There is also an island dog there named “Cece.” We had a great time playing with her!
As a result of no other visitors, we essentially had the island completely to ourselves for the entire evening with just Vasil and his friend Stephan, who came over on the boat to spend the day fishing with Vasil.
That evening, we ate a traditional Bulgarian dinner with the two of them, communicating only through gestures, broken English, and Google Translate (the island had excellent Wifi!).
On our third day, we awoke early to see the sunrise, but it was too cloudy, so we did some pilates, ate breakfast, and spent a few casual hours meandering around the tiny island noticing all the little things we hadn’t seen the day before.
Since it was a Saturday, the island did have enough visitors for the ferry in the late morning, so we had guests join us around 11:00am, one of which was a German travel writer named Jens Muhling, who is currently writing a book about the Black Sea. Y’all should check him out!

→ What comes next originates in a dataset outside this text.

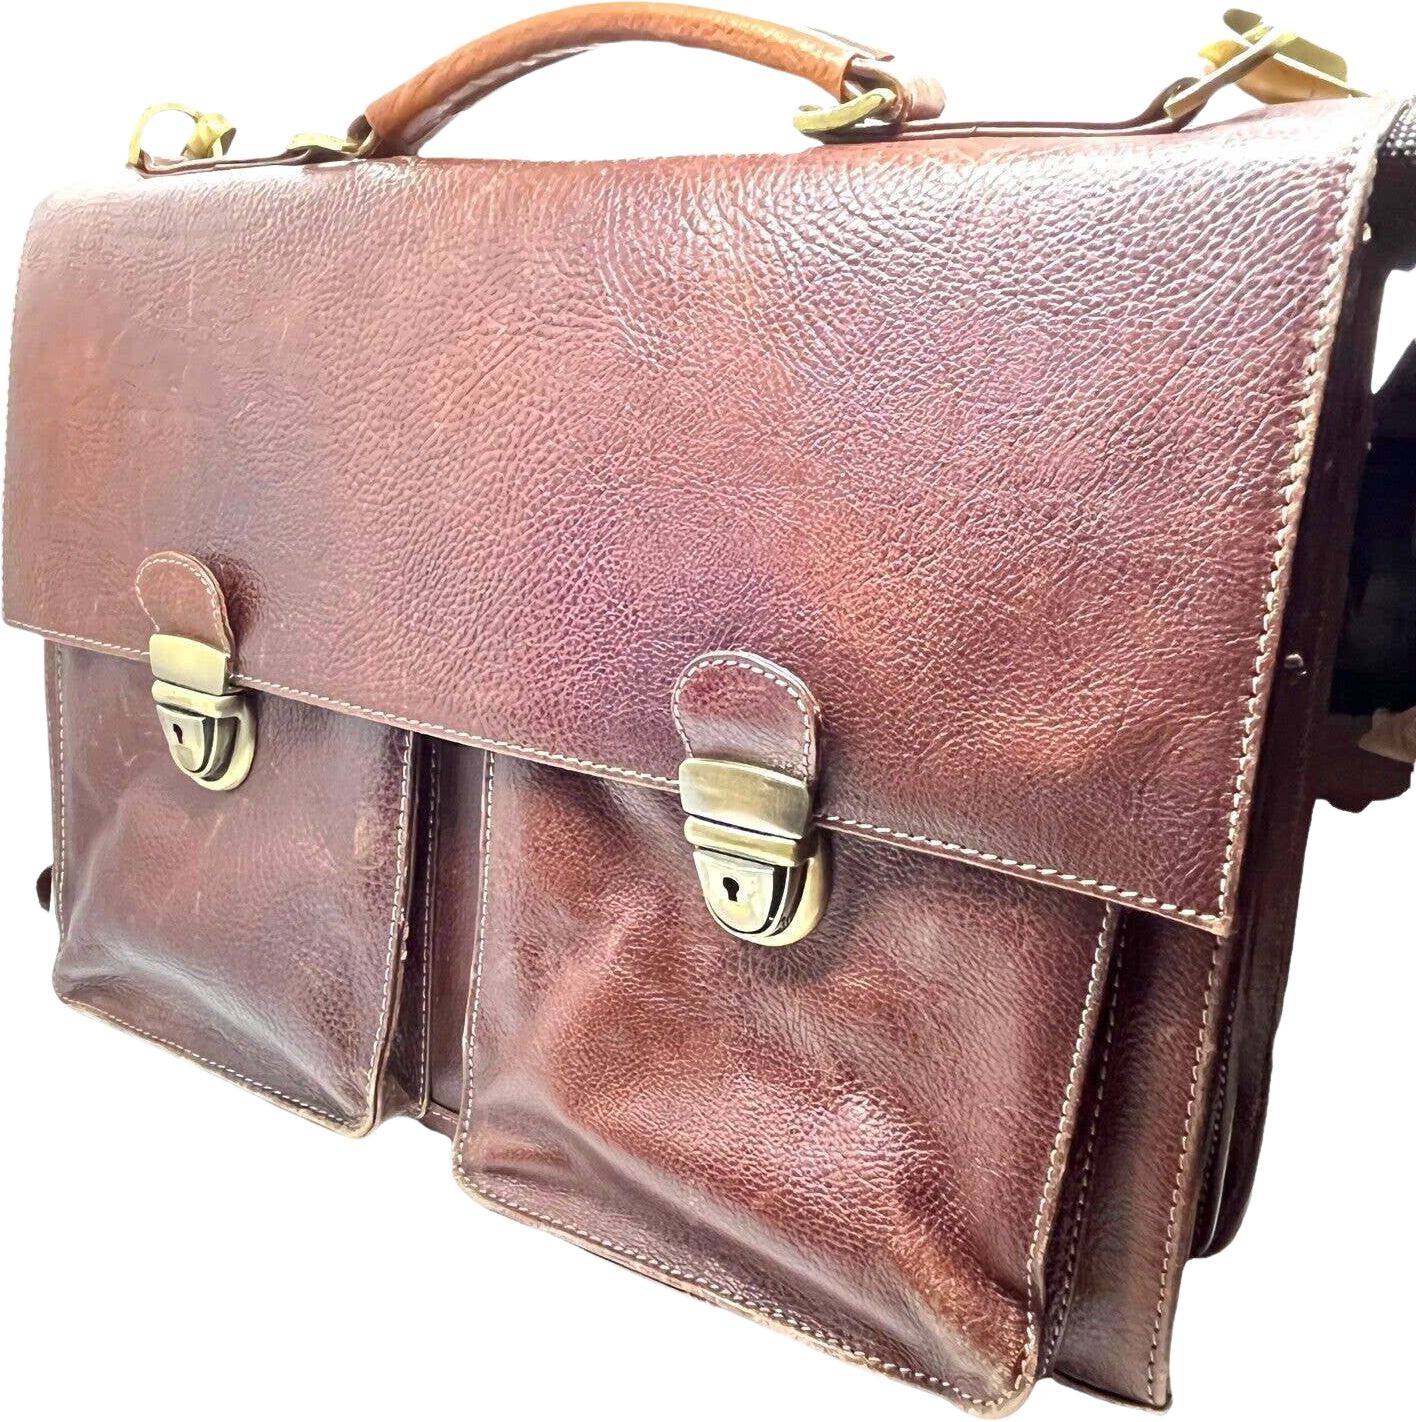 Predator Buffalo Leather Briefcase Satchel Messenger Office Bag (Antique  Brown) – Rustic Town

We took the ferry back to Burgas around 1:00pm, just in time to catch the 2:00pm bus to Sozopol, our next destination.
Sozopol is a beach resort town and the first time we really felt like we were visiting in “off season.” Most restaurants, churches, and hotels were closed down for the season and the museums seemed to close early. However, our guest house hosts were gracious and our room with a balcony view of the sea was beautiful.
We spent the afternoon exploring old town, a tiny ramshackle collection of skinny stone lanes on a peninsula in the Black Sea. The town itself is the oldest Bulgarian coastal city, inhabited most notably by the Romans, who left most of the ruins the city prizes today.
We walked along the shore line and beach, then through the winding streets. The feel of this town was very different with many people greeting us despite fewer of them speaking English. It felt relaxed and is definitely worth a visit of at least half a day.
Since most of the restaurants were closed, we purchased ourselves a grocery store dinner of dates, cheese, crackers, and wine before calling it an early night.
On our fourth day, we had planned to visit the Castle of Ravadinovo, a kitschy newly built “fairytale” castle about three miles west of town and even bought tickets online through Tripadvisor in advance. We had learned that it’s not walkable, but that there was a free shuttle or taxis available. However, the shuttle wasn’t running and we couldn’t find a taxi anywhere!
So we spent the morning wandering the streets and the beach before catching an earlier bus back to Burgas, where we caught another bus on to Veliko Tarnovo, the subject of my next blog!
Upon reflection, if you have just four days on the Black Sea coast, make Sozopol a day trip from Burgas, then perhaps spend another day exploring the other nearby town of Nesebar to the north. We hear it is even more spectacular and charming than Sozopol!